Apparent mineralocorticoid excess (AME) is a rare genetic disorder that affects the body’s regulation of salt and water balance. It is caused by mutations in the gene encoding 11β-hydroxysteroid dehydrogenase type 2 (11β-HSD2), an enzyme that converts the hormone cortisol to its inactive form, cortisone.
The symptoms of AME can vary but typically include high blood pressure, low blood potassium levels, and metabolic alkalosis. Individuals with AME may develop hypertension, electrolyte imbalances, and even kidney failure in severe cases.
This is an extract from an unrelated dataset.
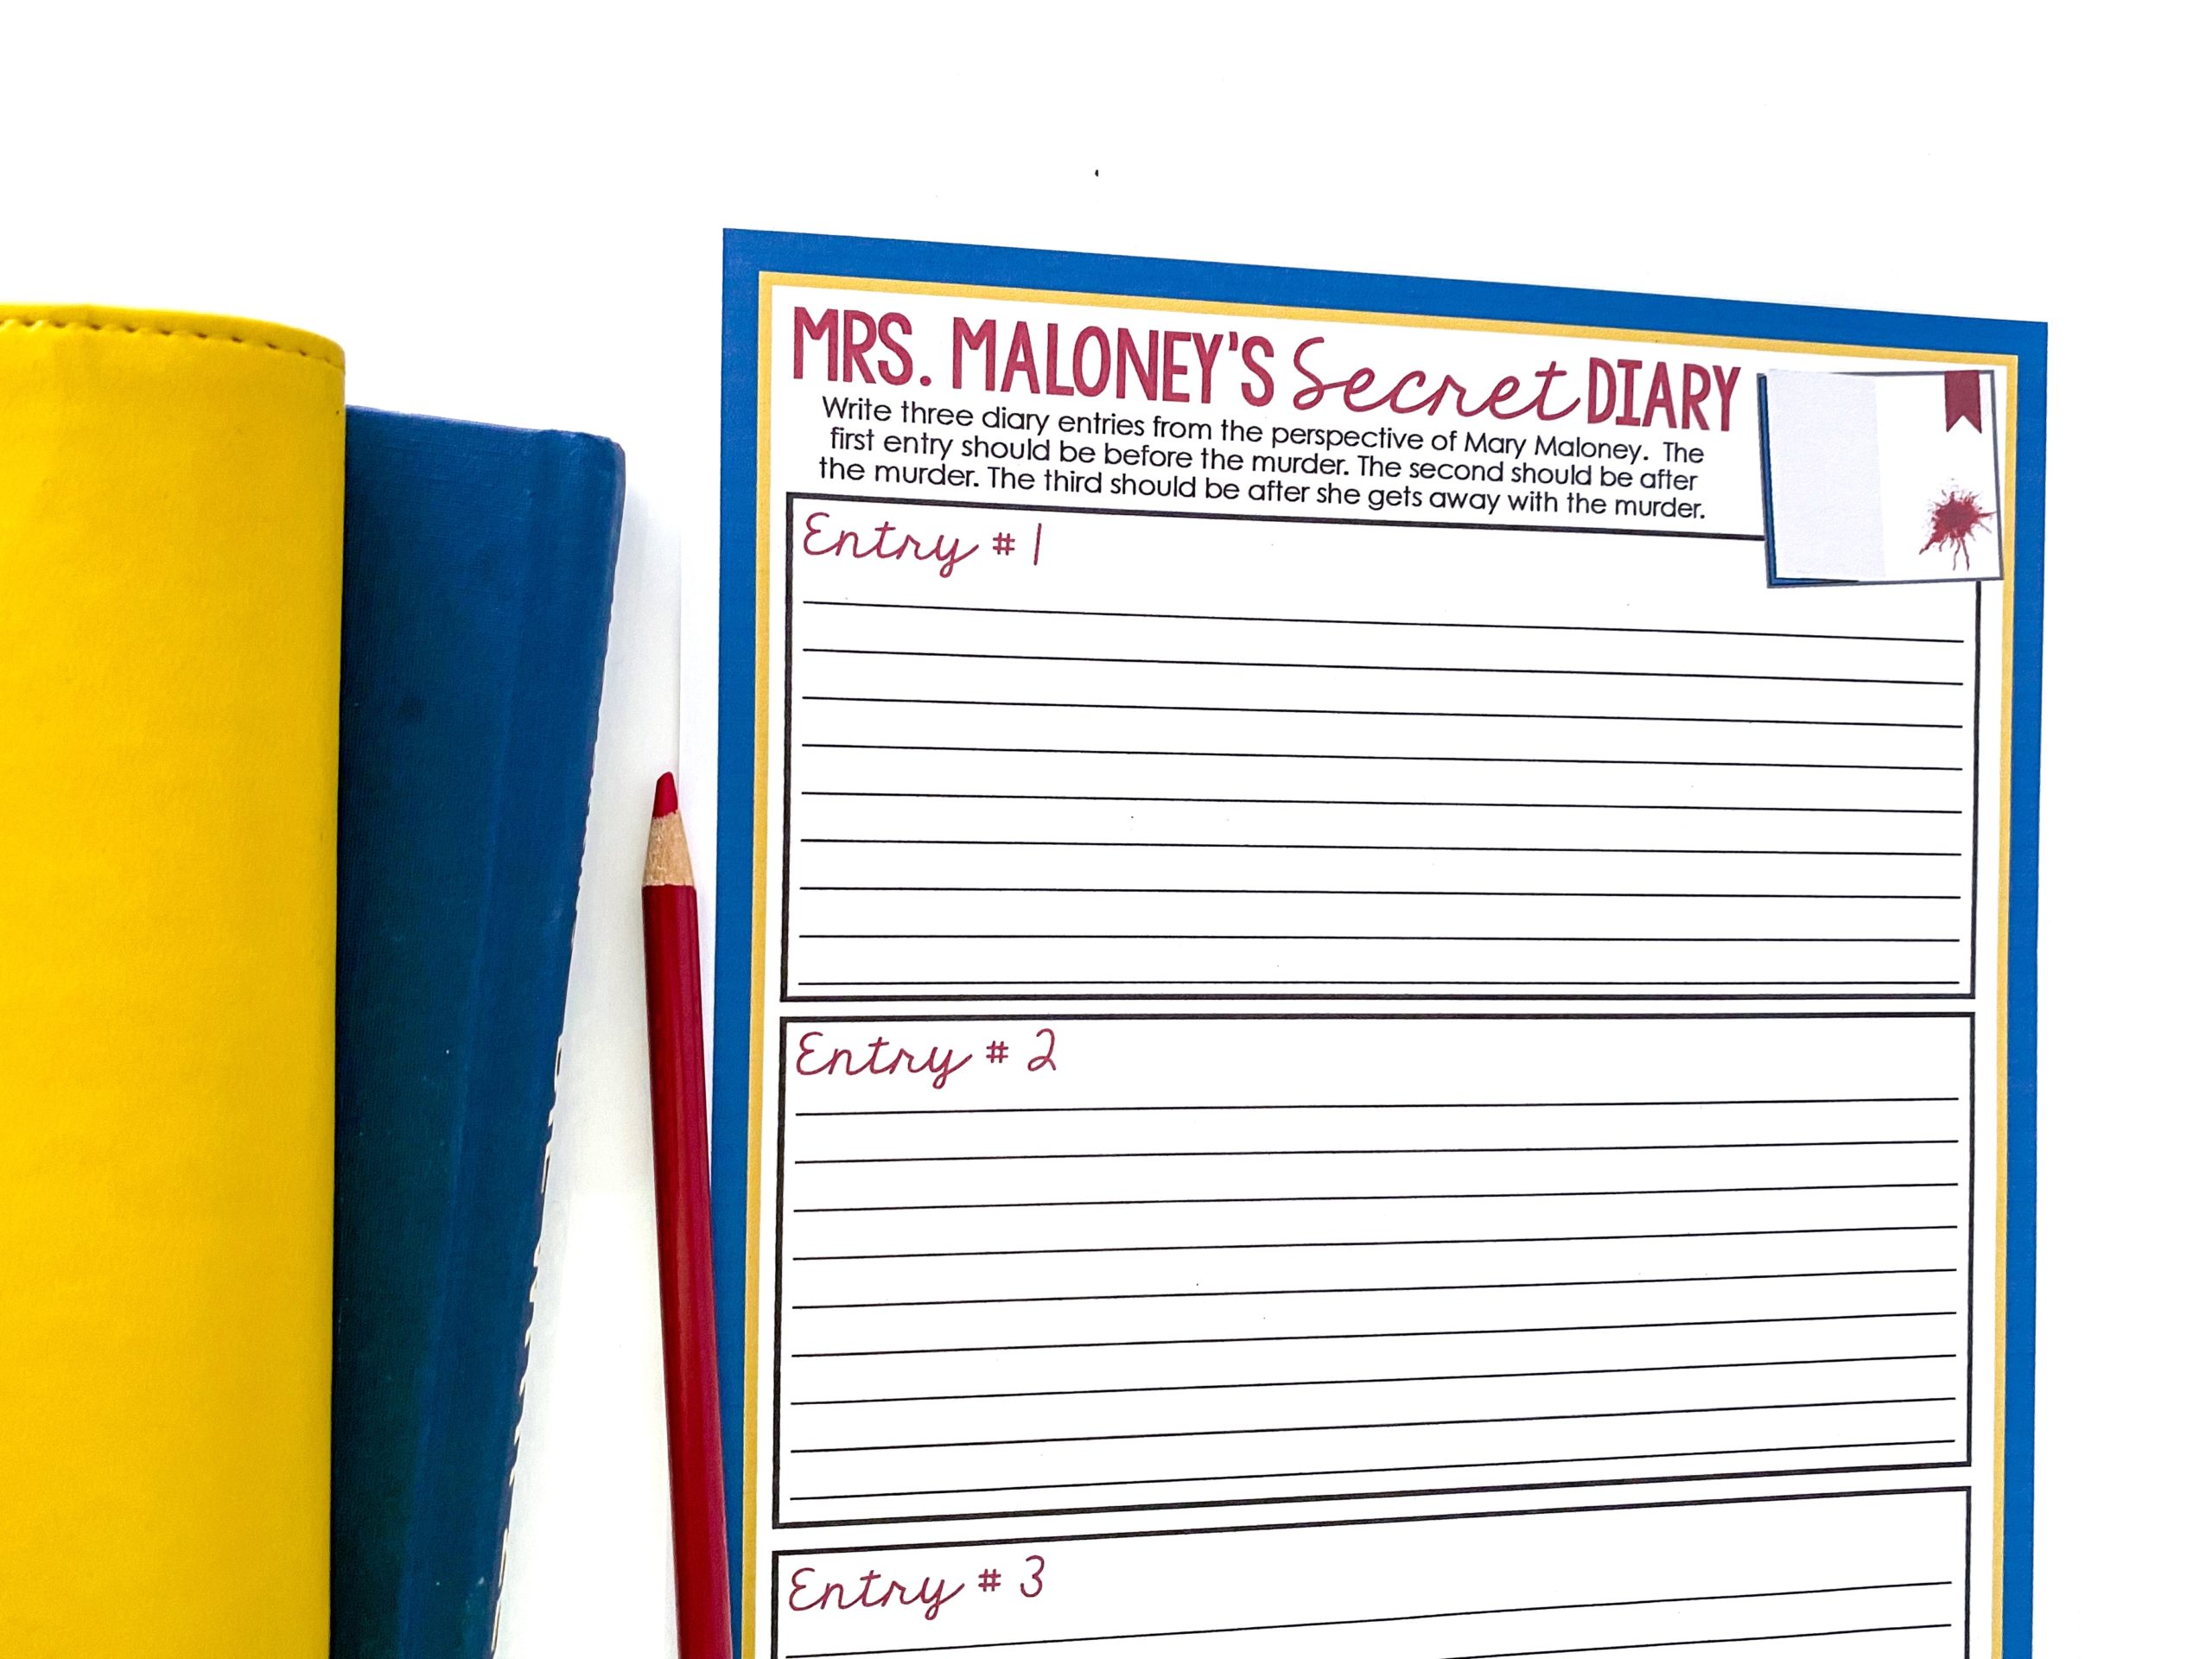 Mrs. Maloney's secret diary activity

Diagnosis of AME typically involves genetic testing to identify mutations in the 11β-HSD2 gene. Other tests may include measuring cortisol and aldosterone levels and sodium, potassium, and bicarbonate levels in the blood and urine.
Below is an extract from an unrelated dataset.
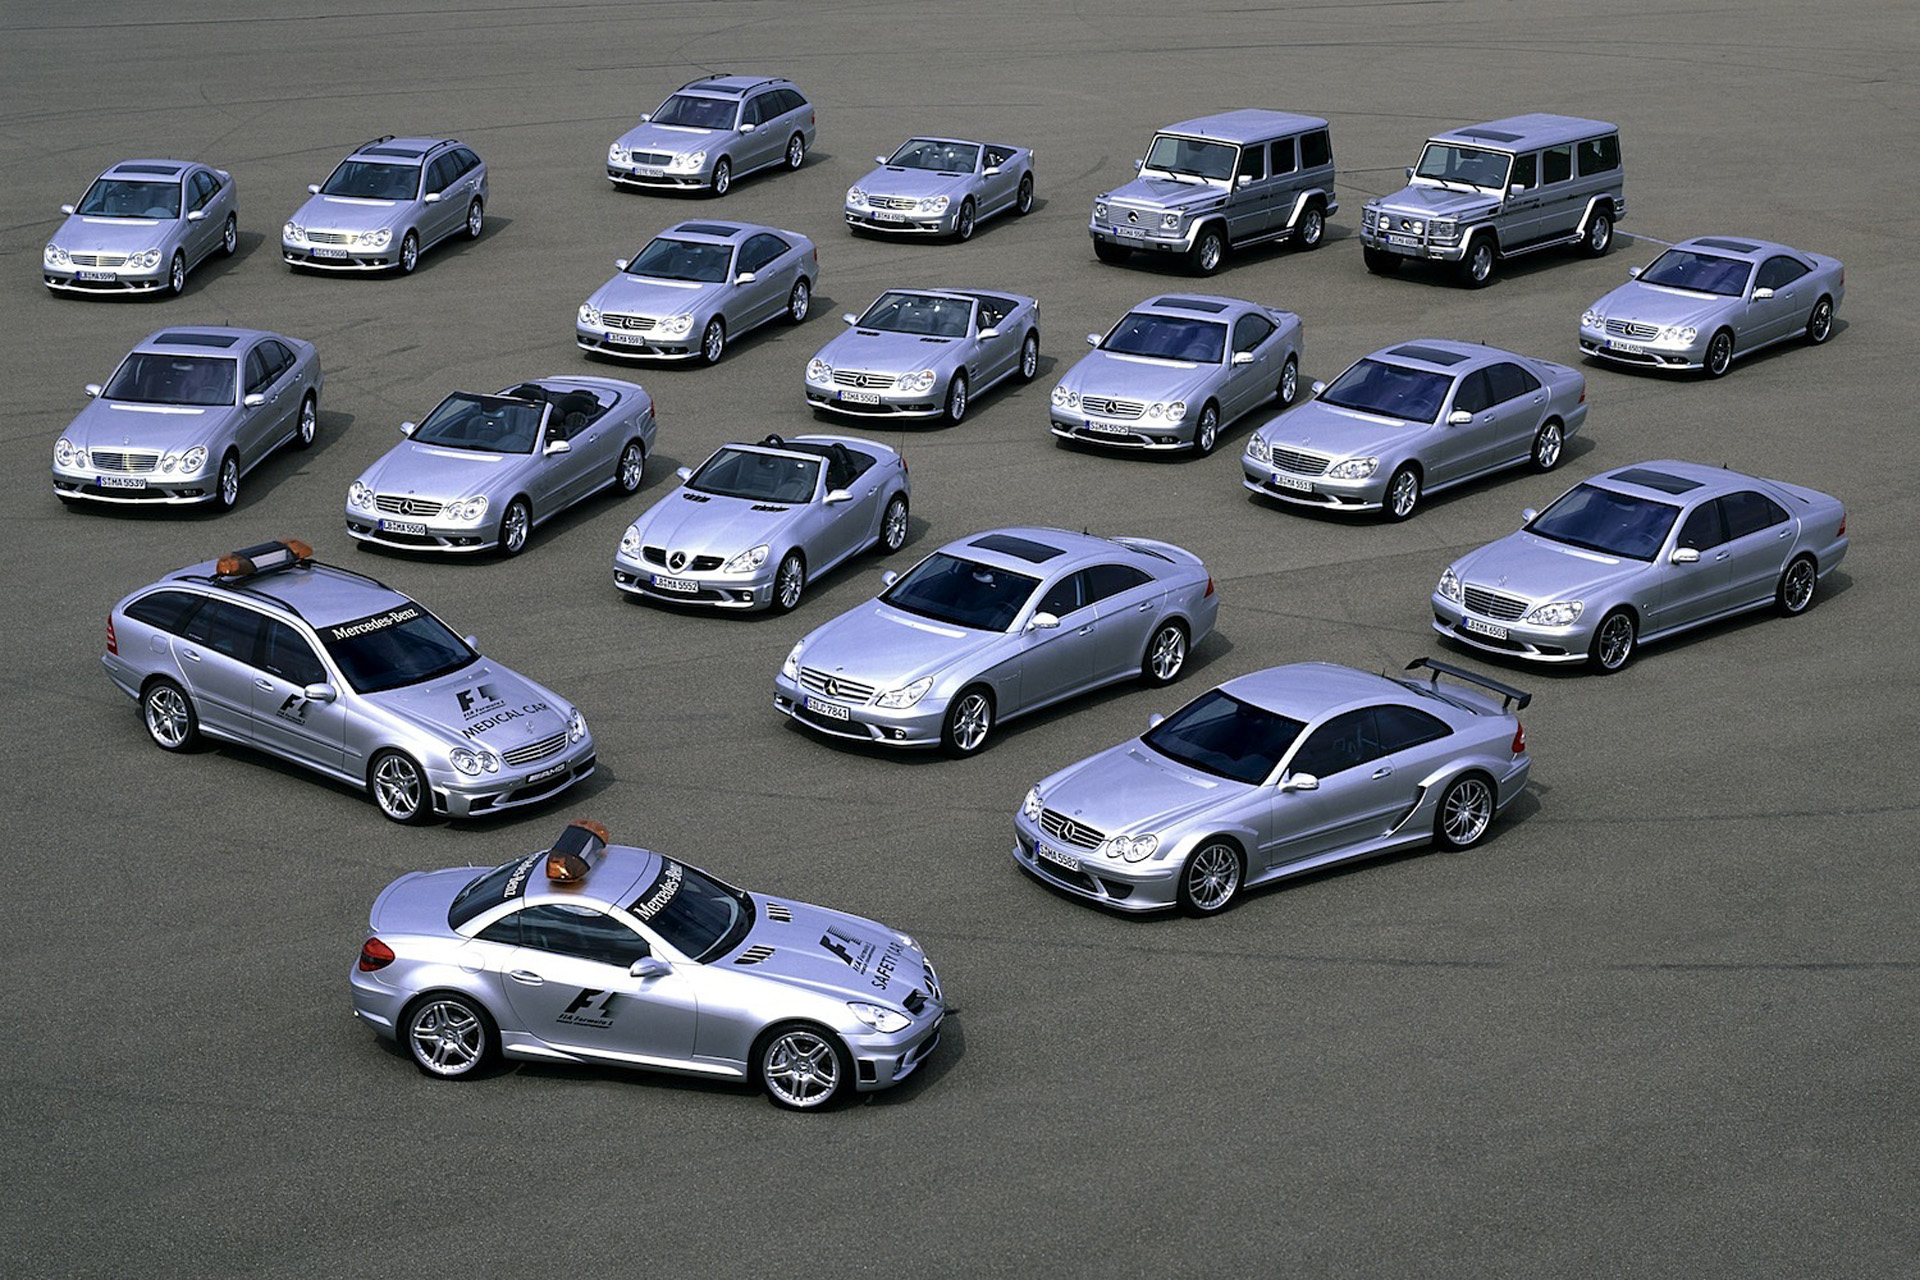 2004-Mercedes-Benz-AMG-Model-Lineup.jpg

AME treatment typically involves using medications that block the effects of aldosterone, such as spironolactone and eplerenone. Sometimes, a low-salt diet and potassium supplements may also be recommended. Monitoring blood pressure, electrolyte levels, and kidney function is important to prevent complications.
Normally, cortisol, a hormone the adrenal gland produces, acts on the kidneys to increase reabsorption and promote potassium excretion. This process helps to maintain the body’s salt and water balance. However, in individuals with AME, the mutated 11β-HSD2 enzyme cannot convert cortisol to cortisone effectively. It leads to an excess of aldosterone-like effects, hence the “apparent mineralocorticoid excess.”